# Exercise requirements:
Every line of the records below should be restated exactly.

# Excerpts from a dataset:
= Beginning of Section =
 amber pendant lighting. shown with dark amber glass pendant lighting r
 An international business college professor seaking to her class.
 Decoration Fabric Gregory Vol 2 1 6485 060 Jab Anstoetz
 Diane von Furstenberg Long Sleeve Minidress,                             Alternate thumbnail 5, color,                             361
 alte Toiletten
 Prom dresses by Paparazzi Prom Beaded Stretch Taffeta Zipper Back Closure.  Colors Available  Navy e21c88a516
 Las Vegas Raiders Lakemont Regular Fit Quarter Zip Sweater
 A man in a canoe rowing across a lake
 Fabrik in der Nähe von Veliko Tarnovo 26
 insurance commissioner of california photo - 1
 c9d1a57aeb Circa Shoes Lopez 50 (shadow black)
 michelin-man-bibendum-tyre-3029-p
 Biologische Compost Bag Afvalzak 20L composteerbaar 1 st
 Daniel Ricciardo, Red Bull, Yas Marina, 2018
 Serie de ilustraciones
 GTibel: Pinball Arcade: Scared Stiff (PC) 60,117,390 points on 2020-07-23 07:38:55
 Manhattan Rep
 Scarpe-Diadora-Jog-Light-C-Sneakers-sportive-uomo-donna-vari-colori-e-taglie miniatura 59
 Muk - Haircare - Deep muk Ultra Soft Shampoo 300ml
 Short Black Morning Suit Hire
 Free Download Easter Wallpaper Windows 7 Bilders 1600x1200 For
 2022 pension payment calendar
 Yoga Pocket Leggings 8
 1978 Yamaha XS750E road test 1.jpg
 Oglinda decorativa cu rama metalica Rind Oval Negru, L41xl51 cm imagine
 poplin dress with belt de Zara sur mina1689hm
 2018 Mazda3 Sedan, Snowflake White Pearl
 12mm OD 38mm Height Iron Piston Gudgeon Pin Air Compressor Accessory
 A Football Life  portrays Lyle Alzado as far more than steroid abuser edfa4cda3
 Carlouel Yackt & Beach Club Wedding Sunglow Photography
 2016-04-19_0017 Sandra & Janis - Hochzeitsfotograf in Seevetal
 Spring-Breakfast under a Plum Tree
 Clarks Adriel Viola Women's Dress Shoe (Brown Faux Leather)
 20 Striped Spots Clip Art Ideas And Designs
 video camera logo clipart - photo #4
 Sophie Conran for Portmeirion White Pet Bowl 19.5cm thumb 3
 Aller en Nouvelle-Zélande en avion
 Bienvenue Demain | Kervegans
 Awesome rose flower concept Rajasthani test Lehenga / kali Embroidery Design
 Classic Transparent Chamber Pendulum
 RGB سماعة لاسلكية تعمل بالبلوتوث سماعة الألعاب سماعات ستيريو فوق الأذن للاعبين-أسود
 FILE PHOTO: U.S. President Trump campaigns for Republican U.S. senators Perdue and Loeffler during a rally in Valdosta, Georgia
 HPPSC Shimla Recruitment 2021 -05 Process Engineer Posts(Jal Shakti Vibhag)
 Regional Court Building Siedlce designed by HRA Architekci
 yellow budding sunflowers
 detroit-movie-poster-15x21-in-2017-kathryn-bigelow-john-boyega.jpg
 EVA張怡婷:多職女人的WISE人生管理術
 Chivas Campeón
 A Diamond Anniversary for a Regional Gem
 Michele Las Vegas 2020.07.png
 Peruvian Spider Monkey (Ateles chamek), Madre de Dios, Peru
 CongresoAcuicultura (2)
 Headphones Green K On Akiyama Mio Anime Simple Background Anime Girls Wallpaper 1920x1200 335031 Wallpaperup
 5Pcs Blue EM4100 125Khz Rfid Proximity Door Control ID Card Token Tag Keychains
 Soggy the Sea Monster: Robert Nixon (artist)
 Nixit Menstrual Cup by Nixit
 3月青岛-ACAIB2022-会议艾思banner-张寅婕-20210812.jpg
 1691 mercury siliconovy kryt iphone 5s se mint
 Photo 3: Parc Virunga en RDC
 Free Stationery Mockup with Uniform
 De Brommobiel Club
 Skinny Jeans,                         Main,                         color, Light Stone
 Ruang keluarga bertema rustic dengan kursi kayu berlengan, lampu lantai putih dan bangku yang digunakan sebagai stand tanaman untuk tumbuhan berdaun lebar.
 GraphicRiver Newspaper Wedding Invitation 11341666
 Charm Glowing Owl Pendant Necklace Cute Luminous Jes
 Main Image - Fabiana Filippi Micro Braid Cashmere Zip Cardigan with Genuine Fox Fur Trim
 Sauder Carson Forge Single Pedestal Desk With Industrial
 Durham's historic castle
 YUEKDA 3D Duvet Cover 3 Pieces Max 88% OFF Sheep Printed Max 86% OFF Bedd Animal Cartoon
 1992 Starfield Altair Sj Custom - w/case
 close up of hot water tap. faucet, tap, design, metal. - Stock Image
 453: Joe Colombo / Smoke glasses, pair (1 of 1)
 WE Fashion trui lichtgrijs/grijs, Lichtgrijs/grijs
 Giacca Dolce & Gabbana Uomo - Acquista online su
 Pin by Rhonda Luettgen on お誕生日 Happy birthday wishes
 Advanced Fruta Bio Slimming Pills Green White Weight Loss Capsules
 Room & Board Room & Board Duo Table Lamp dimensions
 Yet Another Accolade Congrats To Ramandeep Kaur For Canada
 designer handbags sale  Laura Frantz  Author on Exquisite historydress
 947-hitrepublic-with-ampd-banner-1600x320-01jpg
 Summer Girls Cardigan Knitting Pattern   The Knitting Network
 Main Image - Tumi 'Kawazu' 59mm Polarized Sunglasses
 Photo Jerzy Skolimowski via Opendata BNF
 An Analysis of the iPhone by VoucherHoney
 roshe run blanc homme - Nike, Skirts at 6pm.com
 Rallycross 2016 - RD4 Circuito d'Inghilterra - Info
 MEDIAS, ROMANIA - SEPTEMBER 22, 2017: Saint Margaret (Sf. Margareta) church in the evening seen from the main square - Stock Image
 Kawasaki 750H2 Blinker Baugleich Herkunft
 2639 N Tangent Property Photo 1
= End of Section =
# Answer to this problem:
 amber pendant lighting. shown with dark amber glass pendant lighting r
 An international business college professor seaking to her class.
 Decoration Fabric Gregory Vol 2 1 6485 060 Jab Anstoetz
 Diane von Furstenberg Long Sleeve Minidress,                             Alternate thumbnail 5, color,                             361
 alte Toiletten
 Prom dresses by Paparazzi Prom Beaded Stretch Taffeta Zipper Back Closure.  Colors Available  Navy e21c88a516
 Las Vegas Raiders Lakemont Regular Fit Quarter Zip Sweater
 A man in a canoe rowing across a lake
 Fabrik in der Nähe von Veliko Tarnovo 26
 insurance commissioner of california photo - 1
 c9d1a57aeb Circa Shoes Lopez 50 (shadow black)
 michelin-man-bibendum-tyre-3029-p
 Biologische Compost Bag Afvalzak 20L composteerbaar 1 st
 Daniel Ricciardo, Red Bull, Yas Marina, 2018
 Serie de ilustraciones
 GTibel: Pinball Arcade: Scared Stiff (PC) 60,117,390 points on 2020-07-23 07:38:55
 Manhattan Rep
 Scarpe-Diadora-Jog-Light-C-Sneakers-sportive-uomo-donna-vari-colori-e-taglie miniatura 59
 Muk - Haircare - Deep muk Ultra Soft Shampoo 300ml
 Short Black Morning Suit Hire
 Free Download Easter Wallpaper Windows 7 Bilders 1600x1200 For
 2022 pension payment calendar
 Yoga Pocket Leggings 8
 1978 Yamaha XS750E road test 1.jpg
 Oglinda decorativa cu rama metalica Rind Oval Negru, L41xl51 cm imagine
 poplin dress with belt de Zara sur mina1689hm
 2018 Mazda3 Sedan, Snowflake White Pearl
 12mm OD 38mm Height Iron Piston Gudgeon Pin Air Compressor Accessory
 A Football Life  portrays Lyle Alzado as far more than steroid abuser edfa4cda3
 Carlouel Yackt & Beach Club Wedding Sunglow Photography
 2016-04-19_0017 Sandra & Janis - Hochzeitsfotograf in Seevetal
 Spring-Breakfast under a Plum Tree
 Clarks Adriel Viola Women's Dress Shoe (Brown Faux Leather)
 20 Striped Spots Clip Art Ideas And Designs
 video camera logo clipart - photo #4
 Sophie Conran for Portmeirion White Pet Bowl 19.5cm thumb 3
 Aller en Nouvelle-Zélande en avion
 Bienvenue Demain | Kervegans
 Awesome rose flower concept Rajasthani test Lehenga / kali Embroidery Design
 Classic Transparent Chamber Pendulum
 RGB سماعة لاسلكية تعمل بالبلوتوث سماعة الألعاب سماعات ستيريو فوق الأذن للاعبين-أسود
 FILE PHOTO: U.S. President Trump campaigns for Republican U.S. senators Perdue and Loeffler during a rally in Valdosta, Georgia
 HPPSC Shimla Recruitment 2021 -05 Process Engineer Posts(Jal Shakti Vibhag)
 Regional Court Building Siedlce designed by HRA Architekci
 yellow budding sunflowers
 detroit-movie-poster-15x21-in-2017-kathryn-bigelow-john-boyega.jpg
 EVA張怡婷:多職女人的WISE人生管理術
 Chivas Campeón
 A Diamond Anniversary for a Regional Gem
 Michele Las Vegas 2020.07.png
 Peruvian Spider Monkey (Ateles chamek), Madre de Dios, Peru
 CongresoAcuicultura (2)
 Headphones Green K On Akiyama Mio Anime Simple Background Anime Girls Wallpaper 1920x1200 335031 Wallpaperup
 5Pcs Blue EM4100 125Khz Rfid Proximity Door Control ID Card Token Tag Keychains
 Soggy the Sea Monster: Robert Nixon (artist)
 Nixit Menstrual Cup by Nixit
 3月青岛-ACAIB2022-会议艾思banner-张寅婕-20210812.jpg
 1691 mercury siliconovy kryt iphone 5s se mint
 Photo 3: Parc Virunga en RDC
 Free Stationery Mockup with Uniform
 De Brommobiel Club
 Skinny Jeans,                         Main,                         color, Light Stone
 Ruang keluarga bertema rustic dengan kursi kayu berlengan, lampu lantai putih dan bangku yang digunakan sebagai stand tanaman untuk tumbuhan berdaun lebar.
 GraphicRiver Newspaper Wedding Invitation 11341666
 Charm Glowing Owl Pendant Necklace Cute Luminous Jes
 Main Image - Fabiana Filippi Micro Braid Cashmere Zip Cardigan with Genuine Fox Fur Trim
 Sauder Carson Forge Single Pedestal Desk With Industrial
 Durham's historic castle
 YUEKDA 3D Duvet Cover 3 Pieces Max 88% OFF Sheep Printed Max 86% OFF Bedd Animal Cartoon
 1992 Starfield Altair Sj Custom - w/case
 close up of hot water tap. faucet, tap, design, metal. - Stock Image
 453: Joe Colombo / Smoke glasses, pair (1 of 1)
 WE Fashion trui lichtgrijs/grijs, Lichtgrijs/grijs
 Giacca Dolce & Gabbana Uomo - Acquista online su
 Pin by Rhonda Luettgen on お誕生日 Happy birthday wishes
 Advanced Fruta Bio Slimming Pills Green White Weight Loss Capsules
 Room & Board Room & Board Duo Table Lamp dimensions
 Yet Another Accolade Congrats To Ramandeep Kaur For Canada
 designer handbags sale  Laura Frantz  Author on Exquisite historydress
 947-hitrepublic-with-ampd-banner-1600x320-01jpg
 Summer Girls Cardigan Knitting Pattern   The Knitting Network
 Main Image - Tumi 'Kawazu' 59mm Polarized Sunglasses
 Photo Jerzy Skolimowski via Opendata BNF
 An Analysis of the iPhone by VoucherHoney
 roshe run blanc homme - Nike, Skirts at 6pm.com
 Rallycross 2016 - RD4 Circuito d'Inghilterra - Info
 MEDIAS, ROMANIA - SEPTEMBER 22, 2017: Saint Margaret (Sf. Margareta) church in the evening seen from the main square - Stock Image
 Kawasaki 750H2 Blinker Baugleich Herkunft
 2639 N Tangent Property Photo 1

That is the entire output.